I have tried all the solutions from other threads but nothing seems to work for me. I am trying to show the table with descending Weight Score (which is the last column of my table).

I have written the following code which doesn't work with PHP provided table but works perfectly with html page.

view-source:http://hidden.com/diversefund.php

The html page where it does work: http://hidden.com/new.html

I am working with database provided table so this is a problem.

Important lines of code from my php script:

<style>
#form {
border: 5px solid violet;
}
input[type=submit] {padding:5px 15px; background:white; border:1px solid    blue;
cursor:pointer;
-webkit-border-radius: 5px;
 border-radius: 5px; }
 </style>

 <script type='text/javascript' src='http://code.jquery.com/jquery-compat-git.js'></script>

  <script type='text/javascript' src='//code.jquery.com/jquery-1.9.1.js'></script>


   <link rel="stylesheet" type="text/css" href="/css/result-light.css">

 <script type='text/javascript'>
$(window).load(function(){
var $tbody = $('table tbody');
$tbody.find('tr').sort(function (a, b) {
var tda = parseFloat($(a).find('td:eq(7)').text()); //the column to sort by
var tdb = parseFloat($(b).find('td:eq(7)').text()); //the column to sort by
// if a < b return 1
return tda < tdb ? 1
// else if a > b return -1
:
tda > tdb ? -1
// else they are equal - return 0    
:
0;
 }).appendTo($tbody);
 }); </script>

  $queryx1 = mysql_query("select * from analytics_divequ where aum >= '$aum1' AND fiveyr >= '$fiveyr1' AND oneyr >= '$lastyr1' ", $linkx); 
echo '<table cellpadding="5" border="1px" align="center" id="caltbl"><thead><tr><th><b>Mutual Fund Scheme</b></th><th><b>AUM</b></th><th><b>Last Year %</b></th><th><b>Two Years %</b></th><th><b>Three Years %</b></th><th><b>5 Years %</b></th><th><b>Weight Score</b></th></tr></thead><tbody>';
$i=1;
while ($row2x = mysql_fetch_array($queryx1)) {
$mfsc=$row2x['mfscheme'];
$aum=$row2x['aum'];
$fiveyr=$row2x['fiveyr'];
$lastyr=$row2x['oneyr'];
$threeyr=$row2x['threeyr'];
$twoyr=$row2x['twoyr'];
$wscore=(($aum*$aumc1)+($fiveyr*$fiveyrc1)+($lastyr*$oneyrc1))/100;
?>
<tr><td><? echo $mfsc ?></td><td><? echo $aum ?></td><td><? echo $lastyr ?></td><td><? echo $twoyr ?></td><td><? echo $threeyr ?></td><td><? echo $fiveyr ?></td><td class="sortnr"><? echo $wscore ?></td></tr>

echo '</tbody></table> <br>';
?>

Also to add I can't use Mysql here, as you can see the last column is not part of the database.

Answer 1

First Multi Dimensional create an array with your Mysql data and push Your last column value in that array. After that You can sort with that array in any language. And if you change that array to JSON you can easily sort with JQUERY

Answer 2

Can you use plugin?

Or PHP to do what you need to? You can accomplish required task with different MySQL statement, using "ORDER BY", if data stored in the database.. or create a new PHP array that will contain data in correct order and than display data using a loop. (http://php.net/manual/en/function.usort.php)
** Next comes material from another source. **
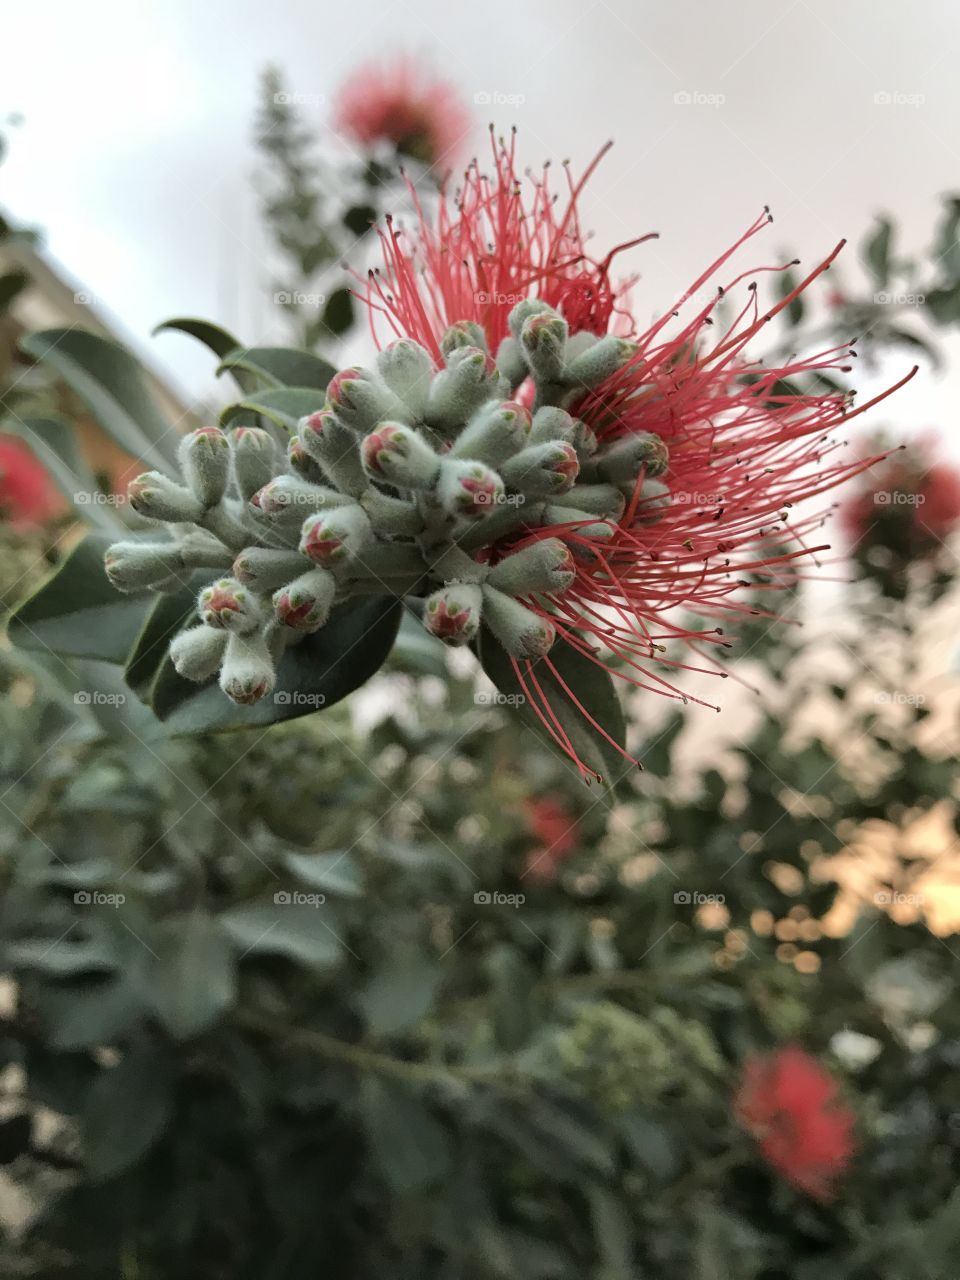 Flora at dusk
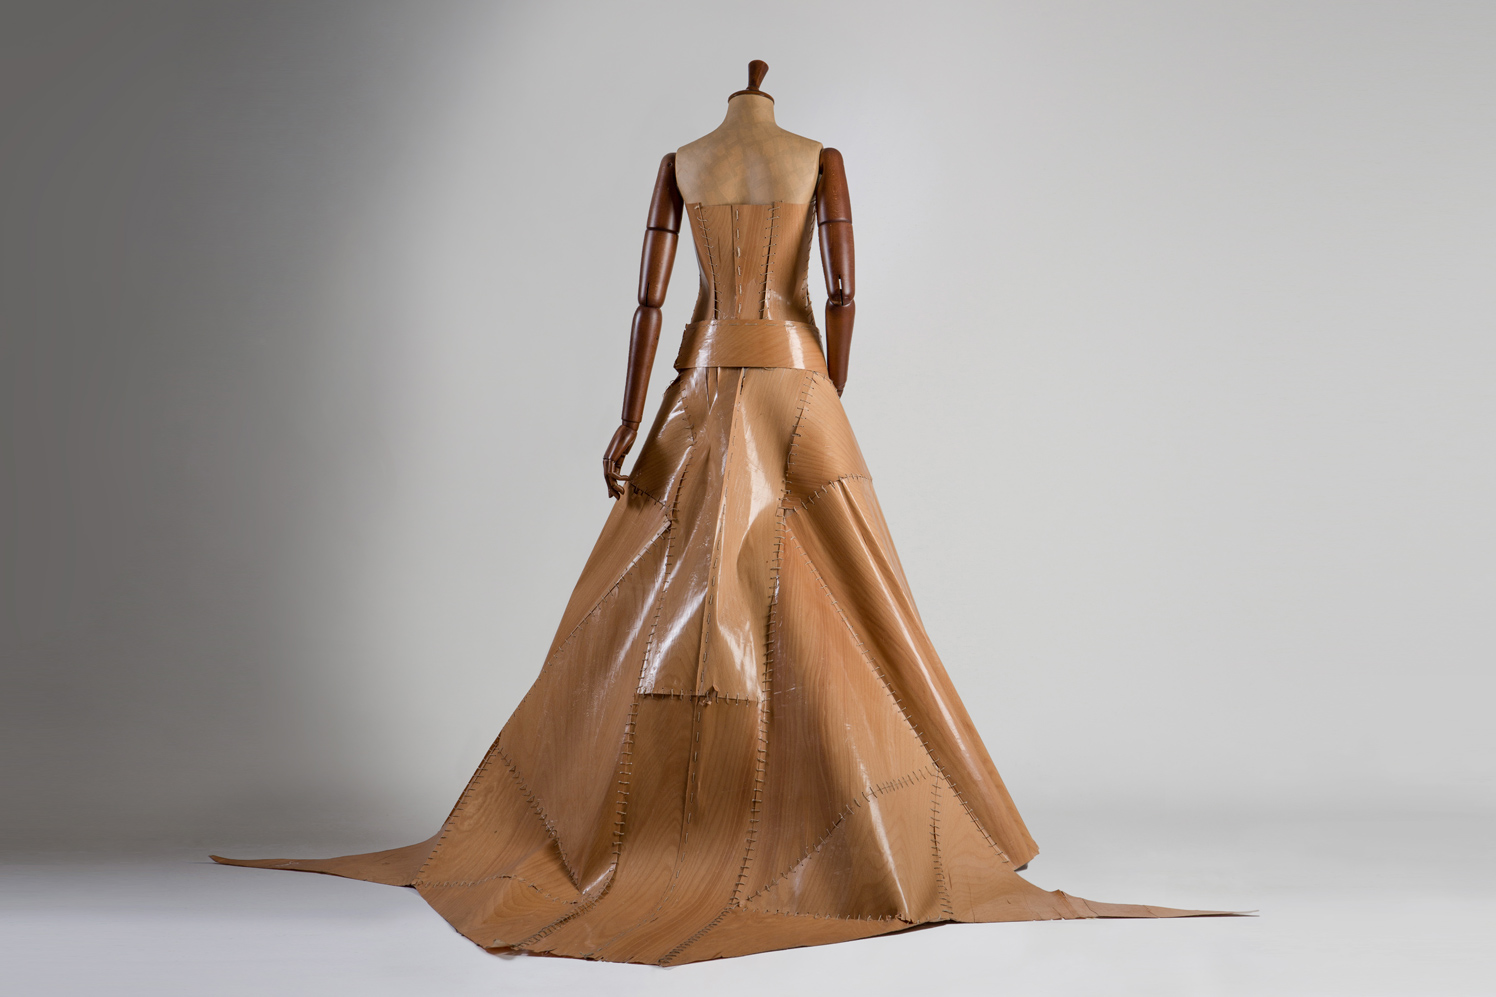 Wood-ing Gown, un Abito da Sposa realizzato in Legno, by Matthan Gori.

For table management (sorting, search and so on) I would recommend using datatables (https://datatables.net). From last time i was searching around this was the best jquery plugin for tables on the market... However, in my experience datatables can't handle a lot of data, once you have 1000+ rows it may take 10-20 second for page to load.